**Records for processing**
>>>>>

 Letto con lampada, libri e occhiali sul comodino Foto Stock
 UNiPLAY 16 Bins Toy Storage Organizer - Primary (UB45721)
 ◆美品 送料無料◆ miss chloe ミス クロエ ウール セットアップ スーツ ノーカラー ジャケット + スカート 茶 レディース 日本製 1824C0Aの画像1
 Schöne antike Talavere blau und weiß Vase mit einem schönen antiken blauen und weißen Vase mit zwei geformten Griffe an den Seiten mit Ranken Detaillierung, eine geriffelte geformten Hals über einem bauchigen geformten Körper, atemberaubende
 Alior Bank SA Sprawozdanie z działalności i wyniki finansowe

<<<<<

**Aim of the task**
Copy exactly, please, the span of lines that begins at the line with "UNiPLAY 16 Bins" and ends at the last line of the data, both included.

**Exercise response**
 UNiPLAY 16 Bins Toy Storage Organizer - Primary (UB45721)
 ◆美品 送料無料◆ miss chloe ミス クロエ ウール セットアップ スーツ ノーカラー ジャケット + スカート 茶 レディース 日本製 1824C0Aの画像1
 Schöne antike Talavere blau und weiß Vase mit einem schönen antiken blauen und weißen Vase mit zwei geformten Griffe an den Seiten mit Ranken Detaillierung, eine geriffelte geformten Hals über einem bauchigen geformten Körper, atemberaubende
 Alior Bank SA Sprawozdanie z działalności i wyniki finansowe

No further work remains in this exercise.